Дядя Слава посоветовал идти в гражданскую авиацию. В 1964-м вместе с другом решили подать документы в Сасовское летное училище гражданской авиации. Мы с ним в школе с первого до последнего класса вместе отучились, причем начинали, когда для мальчиков и для девочек еще были отдельные учебные заведения. И вот оба не поступили, а летать-то хотелось! Что делать? И решили пойти в 1-й Московский аэроклуб. Позвонили туда, и нам ответили: мол, на ваше счастье, как раз набирается спецгруппа. И вот так мы попали в мир авиации.
В тот же год я пошел работать слесарем-электромонтажником на механический завод метрополитена, он через забор от дома находился. Отрабатывал смену, а вечером ехал в аэроклуб, благо по прямой ветке – от «Красносельской» до «Университета». Там проходили теорию. Кстати, с нами занималась Светлана Савицкая, в будущем летчик-космонавт СССР и дважды Герой Советского Союза. Думаю, пришла не потому, что ее отец был маршалом авиации, она сама была очень целеустремленной, хотела летать.
Так ведь и мы все хотели! Я прошел медицинское освидетельствование, что по состоянию здоровья к полетам готов. Затем военкомат направил на сборы. Я принес бумагу на завод, мне сохранили средний заработок, а сам получил солдатскую форму и три месяца летал в аэроклубе.
Как мы говорили, «первоначалка» проходила в Марьино по Павелецкой дороге. Аэродром там был грунтовый, но раскатанный под истребители, ну и мы, аэроклубовские, там сбоку ютились. Жили в казарме, в шесть утра был подъем, после завтрака шли на стоянку и готовили самолет. Кто-то садился с инструктором, и начинались полеты.
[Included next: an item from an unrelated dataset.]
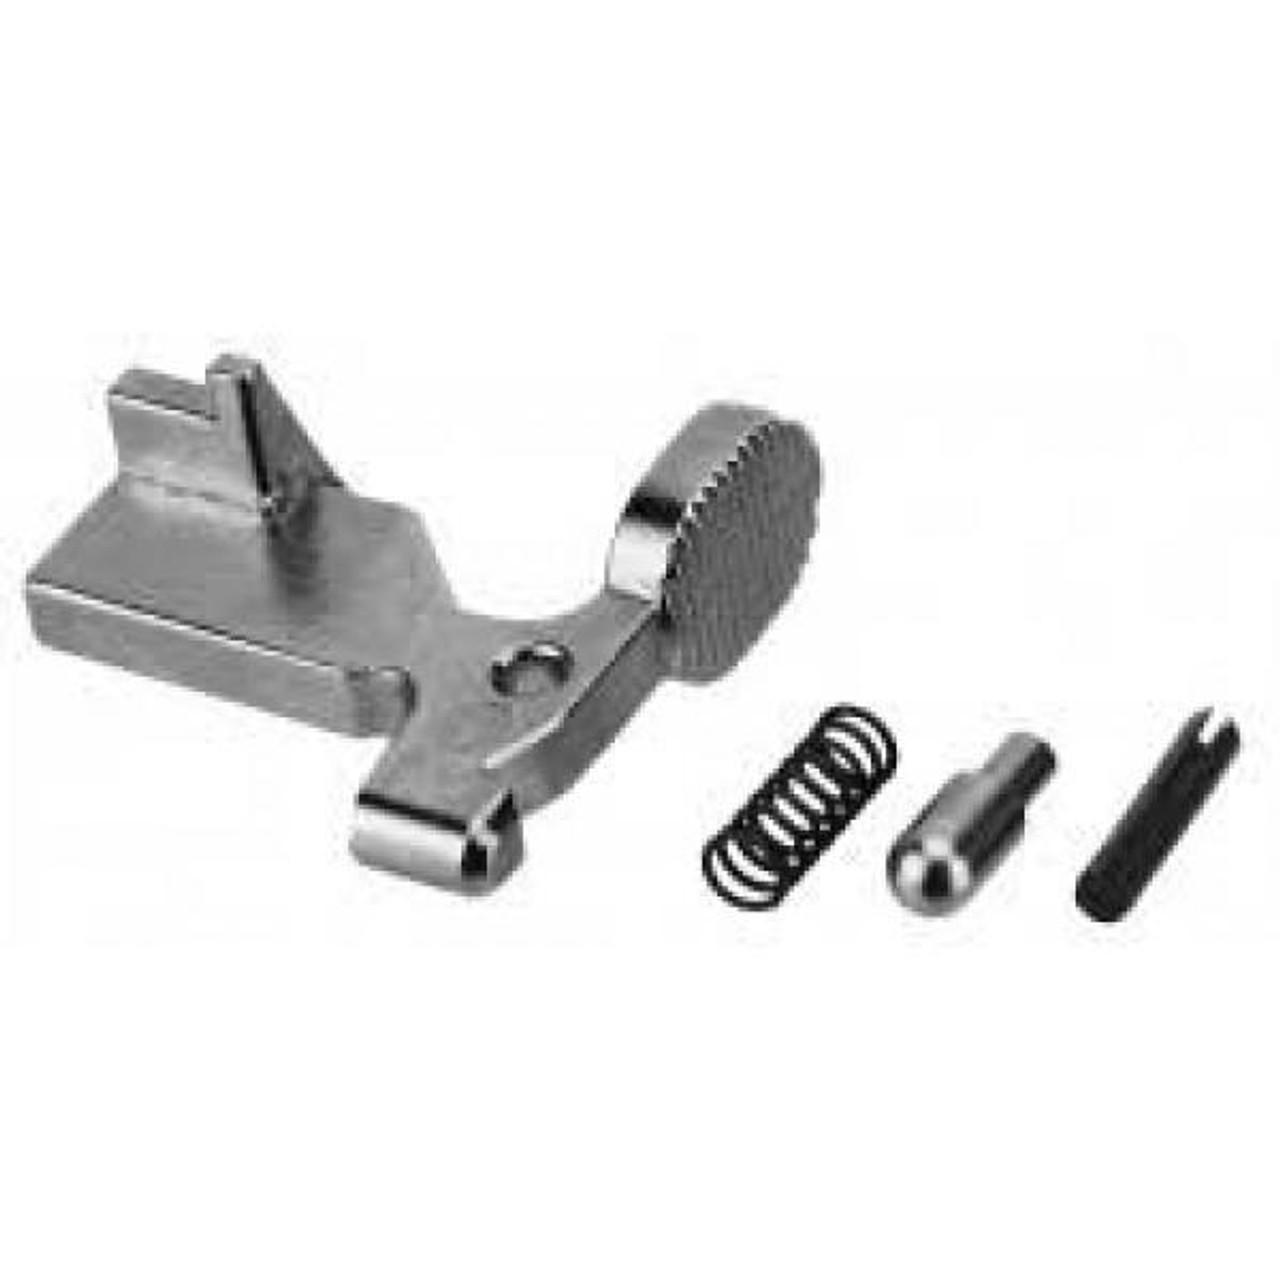 Steel Dual Loop Side 223 Receiver Sling Mount Adapter End Plate US 10x 10 Pack

Я попал к инструктору Евгении Туркиной, она была серебряным призером чемпионата мира по высшему пилотажу. Во время первого полета подняла машину на 1200 метров, нос задрала, а потом как свалила в штопор! Вывела самолет из него и спросила: «Где ты находишься?» А я не мог понять где, хотя чувствовал себя прекрасно. Тогда она показала: «Вот под тобой аэродром». Так Евгения Ивановна начала меня обучать, но через месяц ее отправили на спортивные сборы, и я оказался в другой группе, которую вел Алексей Михайлович Шуленин.
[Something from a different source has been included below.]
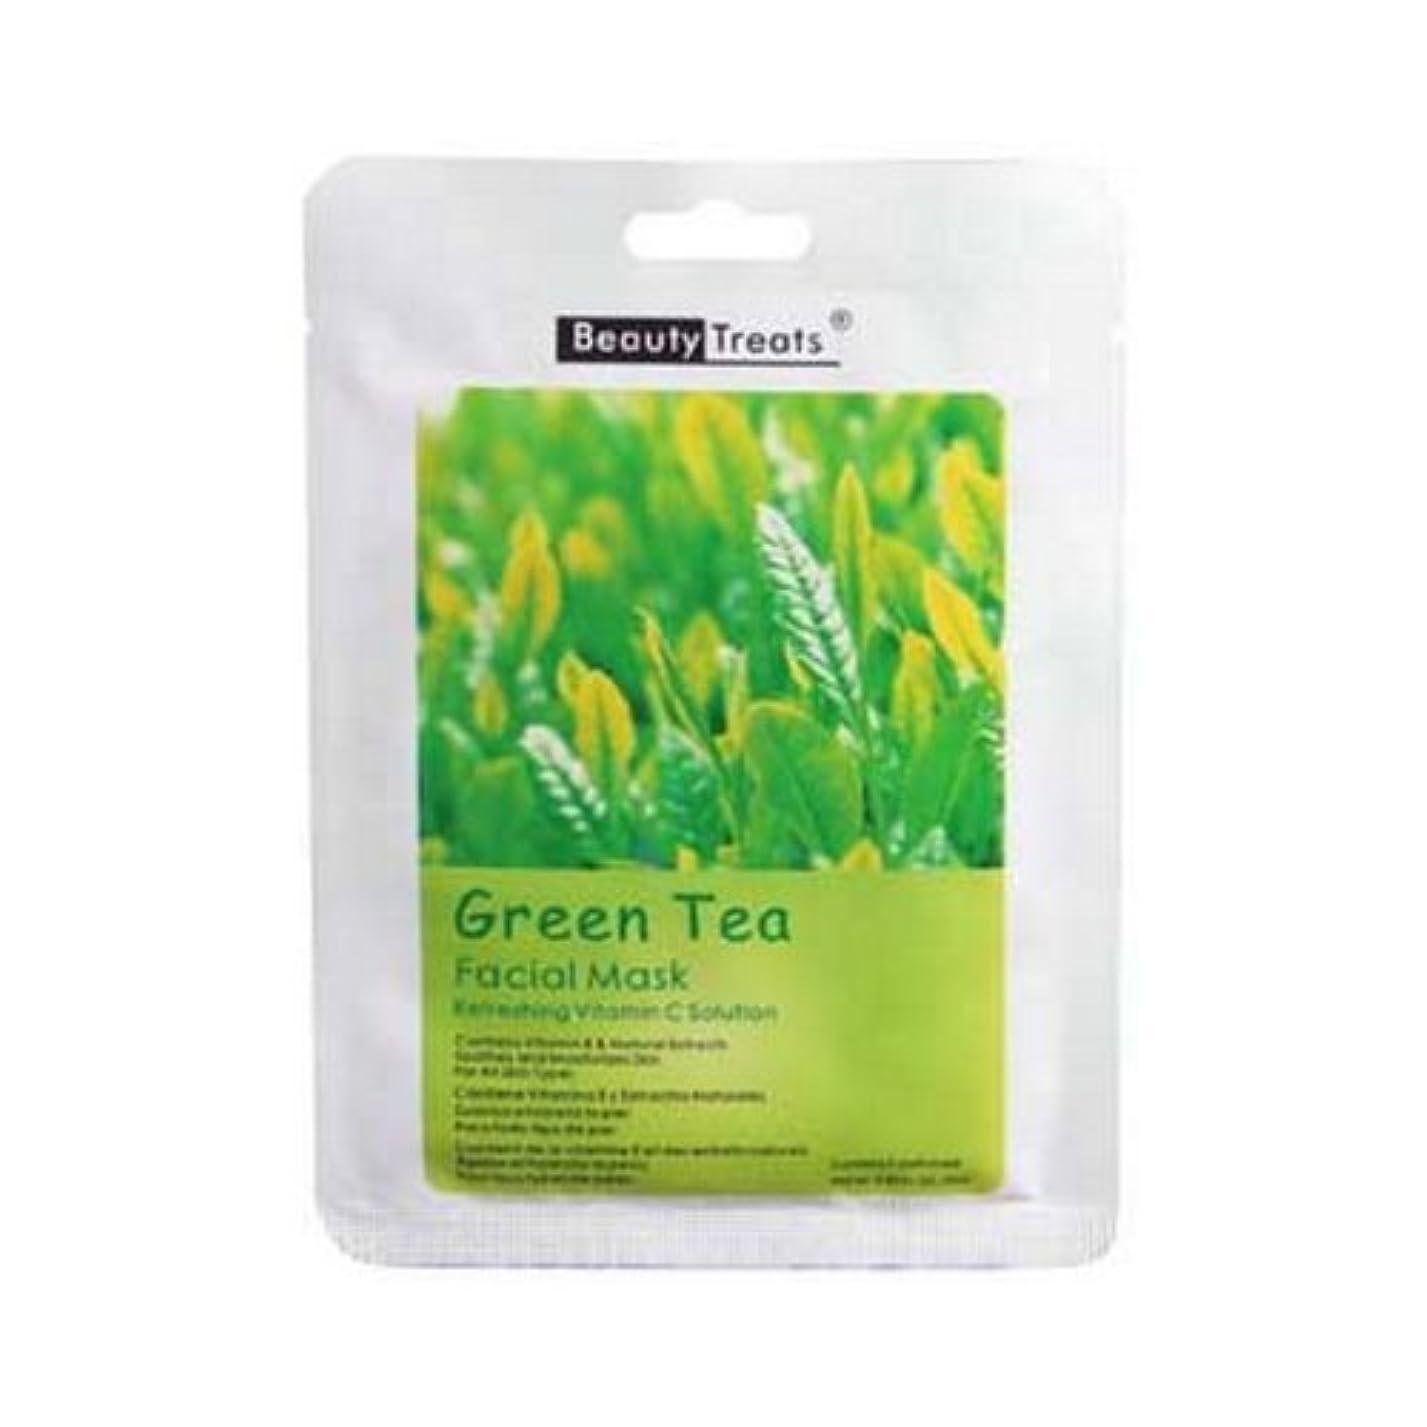 どれか到着する地元(3 Pack) BEAUTY TREATS Facial Mask Refreshing Vitamin C Solution - Green Tea (並行輸入品)

Нас на сборах были 30 человек, а сейчас, через полвека с лишним, в живых осталось четверо. Кроме меня, это заслуженный летчик-испытатель СССР Виктор Заболотский, Валерий Чернобыль и Сергей Авакимов, которого судьба хранила в прямом смысле слова. Он должен был лететь инженером на авиасалон в Ле-Бурже, где демонстрировался наш новый самолет Ту-144, но по какой-то причине остался дома. А самолет во время показательного полета разбился…
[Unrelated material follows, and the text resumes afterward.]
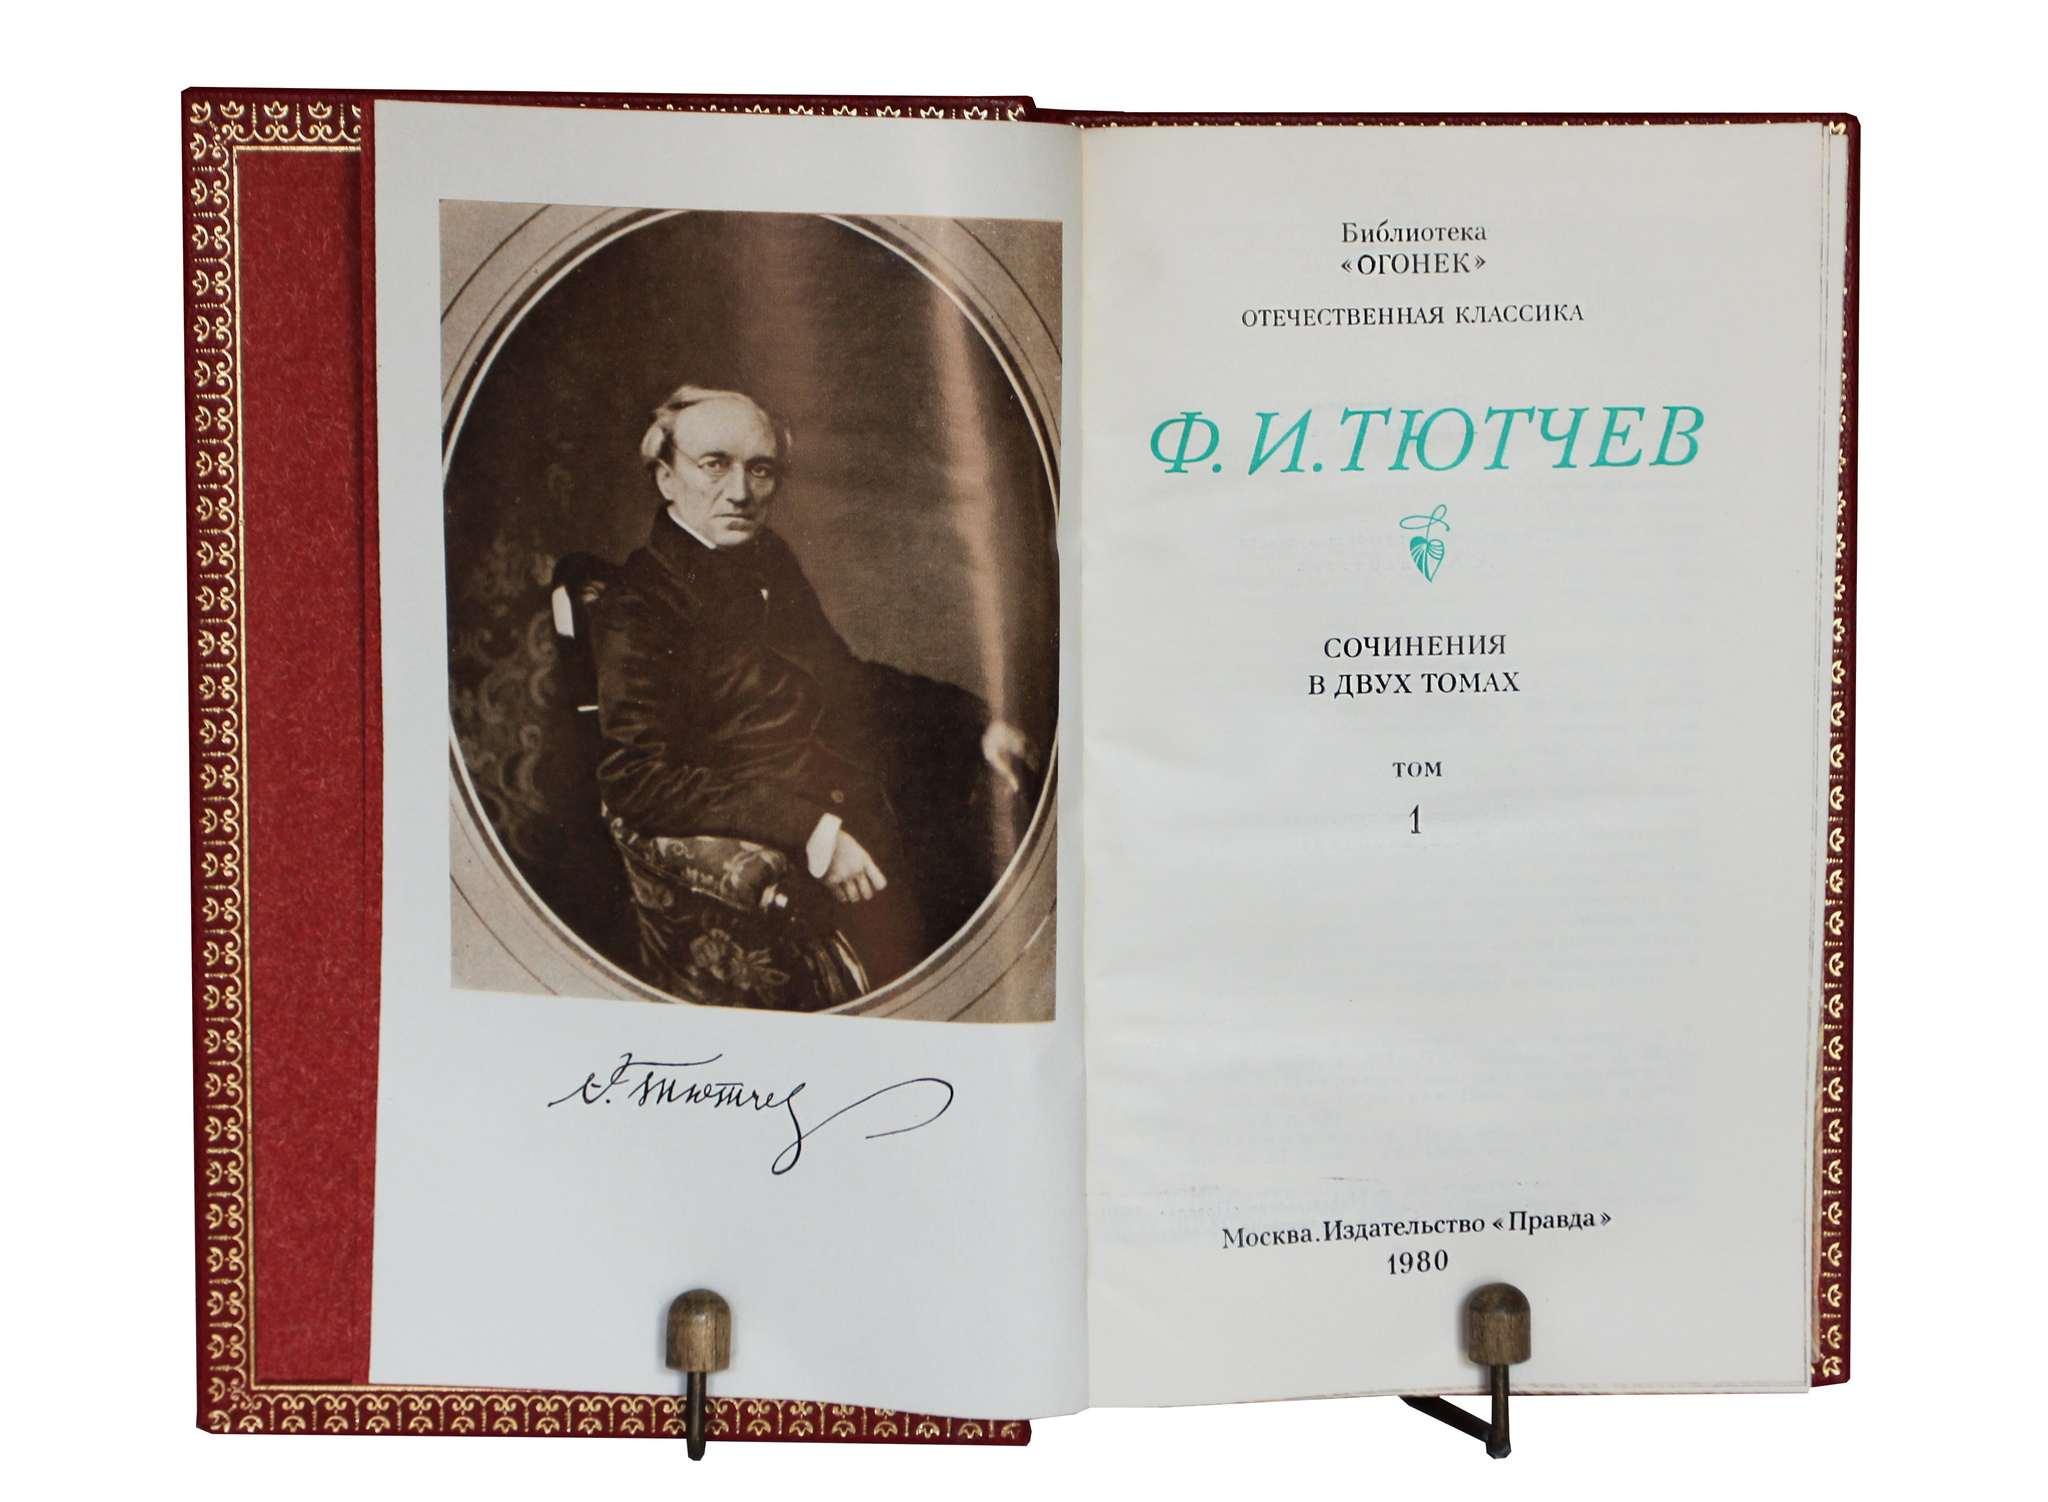 Тютчев Ф.И. Собрание сочинений в 2 томах

Но тогда мы летали на Як-18А, сами мыли самолеты, обслуживали машины вместе с техниками. На субботу-воскресенье всех отпускали домой, а рабочую неделю находились на сборах. И было такое ощущение счастья – все, мы герои!
Вообще это ощущение не пропадало во время всего нахождения в аэроклубе. Незабываемым получился первый прыжок с парашютом зимой 1965 года. Это входило в программу, сначала изучили ПД-47, как им пользоваться, а потом отправились на аэродром Кузнечики под Подольском. Когда выпрыгнул из самолета и меня окружила тишина, петь захотелось. А во время первого самостоятельного полета и впрямь запел: оглянулся, сзади никого, кнопка связи не нажата…
После сборов вернулся на завод, а в аэроклубе ДОСААФ стал летать уже как спортсмен. Это происходило в Клязьме, если ехать по Ярославскому шоссе из Москвы, то слева. Над Строителем, где находился Московский лесотехнический институт, у нас была зона полетов. Всю зиму использовал выходные или брал отгулы, чтобы подняться в небо на Як-18А. Мне присвоили второй разряд по высшему пилотажу, но для участия в серьезных соревнованиях этого, конечно, было маловато. Мы только самостоятельно ходили в зоны, чтобы отрабатывать фигуры – штопор, петля Нестерова, поворот на горке, бочка… Инструктор говорил: «Ты должен сделать это и это». Вот так отлетал зиму и лето.
В домашнем архиве сохранилась выписка из летной книжки и характеристика: «Выводную летную программу по Упр КУЛП-65 г. ДОСААФ усвоил – хорошо без затруднений, закреплял уверенно, перерывы в полетах на качестве техники пилотирования не отражались. При самостоятельных полетах по кругу или в зону летает хорошо, без грубых отклонений, при усложненной обстановке решения принимает правильно, без растерянности. Общая оценка по технике пилотирования – отличная… Вывод: целесообразно использовать в авиации в качестве летчика». Здесь же отмечалось, что по первой задаче курсант Андриевский совершил 99 полетов.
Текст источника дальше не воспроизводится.